It is widely accepted that one of the greatest threats to security is the human element. Enterprises quite rightly invest huge sums in developing secure architectures and deploying secure networks and devices, but fail to sufficiently educate their staff when it comes to security best practices. It is very rarely given sufficient attention beyond an annual security awareness email. Internal security awareness programs are recommended, and effective. However, often their effectiveness only lasts for a short period after - and soon old habits creep back in.

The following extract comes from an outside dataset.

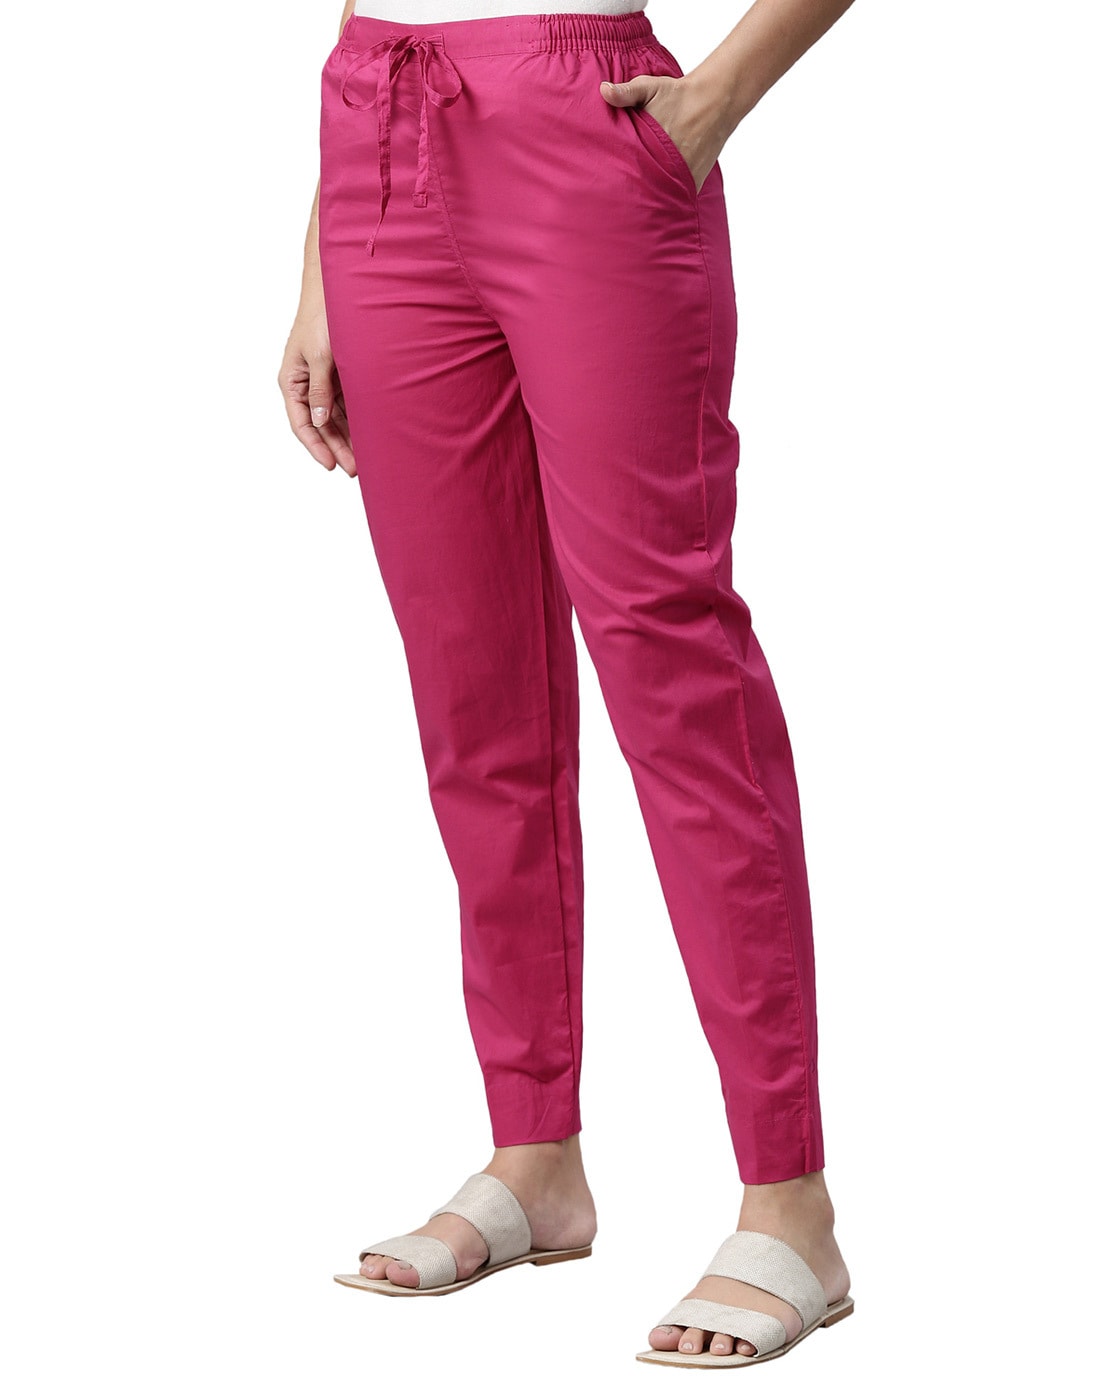 Buy Go Colors Fucshia Free Size Harem Pants Online at Bewakoof

Social engineering offers a way to demonstrate to the business what can result from not paying enough attention to keeping security fresh on employee minds. Social engineering involves attempting to take advantage of any weakness in security – whether this be physical security such as a server room door being left ajar, or an obliging staff member who allows access without a pass or questioning unfamiliar faces. Any weaknesses found are highlighted in the report along with details of what the weakness resulted in the consultant being able to do (for example, gain unauthorised access to the server room and compromise the domain). Once it has been demonstrated to staff members what can result from their lapse in security, this often encourages them to be more vigilant in the future.
Social engineering engagements can be scoped to be as extensive as the client is comfortable with. They can range from purely remote investigations to determine what can be obtained about and from the organisation, to attempts at breaking into the client premises and gaining access to their internal network or secret files. All boundaries are agreed with the client beforehand.